• How to complete this task
State how many lines of the records include the word "lampa"; the reply is that number alone.

(Records from a dataset)
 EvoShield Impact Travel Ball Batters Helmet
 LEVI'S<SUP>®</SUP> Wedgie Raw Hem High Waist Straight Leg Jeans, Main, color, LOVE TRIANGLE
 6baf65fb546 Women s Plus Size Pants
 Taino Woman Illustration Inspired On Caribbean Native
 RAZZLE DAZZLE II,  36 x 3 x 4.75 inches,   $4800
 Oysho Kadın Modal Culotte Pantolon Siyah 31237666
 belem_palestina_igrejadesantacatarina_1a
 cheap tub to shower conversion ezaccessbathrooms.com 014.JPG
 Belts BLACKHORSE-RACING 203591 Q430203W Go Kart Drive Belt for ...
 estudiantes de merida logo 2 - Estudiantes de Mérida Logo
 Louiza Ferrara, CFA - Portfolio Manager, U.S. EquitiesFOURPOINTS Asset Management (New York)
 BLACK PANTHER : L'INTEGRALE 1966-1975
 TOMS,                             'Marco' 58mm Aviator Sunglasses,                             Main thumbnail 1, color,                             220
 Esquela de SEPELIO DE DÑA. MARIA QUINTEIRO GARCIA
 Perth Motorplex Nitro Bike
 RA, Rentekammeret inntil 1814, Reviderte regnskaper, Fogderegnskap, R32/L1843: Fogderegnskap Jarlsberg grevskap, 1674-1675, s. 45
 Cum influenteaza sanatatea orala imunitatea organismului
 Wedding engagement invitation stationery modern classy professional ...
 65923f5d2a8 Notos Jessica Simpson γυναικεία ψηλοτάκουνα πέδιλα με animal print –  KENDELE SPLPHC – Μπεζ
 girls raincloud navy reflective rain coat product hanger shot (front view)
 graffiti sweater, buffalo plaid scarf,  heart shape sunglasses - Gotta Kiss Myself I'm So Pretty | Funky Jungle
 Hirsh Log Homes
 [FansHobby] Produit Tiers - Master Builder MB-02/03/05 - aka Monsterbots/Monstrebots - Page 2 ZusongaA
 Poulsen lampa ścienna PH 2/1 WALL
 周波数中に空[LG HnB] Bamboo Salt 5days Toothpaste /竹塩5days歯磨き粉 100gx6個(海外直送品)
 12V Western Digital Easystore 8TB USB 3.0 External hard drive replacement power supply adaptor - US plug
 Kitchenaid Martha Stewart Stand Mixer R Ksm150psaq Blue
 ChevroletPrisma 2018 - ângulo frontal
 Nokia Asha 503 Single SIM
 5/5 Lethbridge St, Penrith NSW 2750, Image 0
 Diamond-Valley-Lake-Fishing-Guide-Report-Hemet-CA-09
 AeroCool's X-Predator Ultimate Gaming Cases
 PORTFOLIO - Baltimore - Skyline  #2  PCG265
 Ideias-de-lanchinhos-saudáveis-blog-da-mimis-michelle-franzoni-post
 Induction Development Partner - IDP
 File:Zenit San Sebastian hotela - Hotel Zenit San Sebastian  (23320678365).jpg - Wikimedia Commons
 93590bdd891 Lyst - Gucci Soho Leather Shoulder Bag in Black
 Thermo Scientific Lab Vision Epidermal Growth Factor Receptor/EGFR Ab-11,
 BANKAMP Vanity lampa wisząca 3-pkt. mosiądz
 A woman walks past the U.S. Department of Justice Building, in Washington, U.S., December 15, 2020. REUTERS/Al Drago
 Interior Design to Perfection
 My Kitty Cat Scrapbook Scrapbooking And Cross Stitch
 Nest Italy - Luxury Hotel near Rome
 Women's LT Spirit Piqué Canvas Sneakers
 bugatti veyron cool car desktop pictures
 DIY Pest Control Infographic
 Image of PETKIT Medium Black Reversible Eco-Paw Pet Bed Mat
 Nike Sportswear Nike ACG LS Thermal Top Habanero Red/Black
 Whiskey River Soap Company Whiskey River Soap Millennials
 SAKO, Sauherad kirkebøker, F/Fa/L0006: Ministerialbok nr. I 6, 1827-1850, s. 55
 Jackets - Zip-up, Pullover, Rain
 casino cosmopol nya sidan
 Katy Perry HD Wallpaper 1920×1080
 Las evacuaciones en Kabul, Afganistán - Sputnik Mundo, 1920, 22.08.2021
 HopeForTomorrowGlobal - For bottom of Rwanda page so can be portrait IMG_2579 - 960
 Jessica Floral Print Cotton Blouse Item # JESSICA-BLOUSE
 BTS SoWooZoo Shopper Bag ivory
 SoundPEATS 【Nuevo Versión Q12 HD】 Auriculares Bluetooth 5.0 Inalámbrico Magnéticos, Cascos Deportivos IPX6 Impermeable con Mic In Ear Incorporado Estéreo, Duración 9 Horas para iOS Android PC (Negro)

• Solution to the problem
2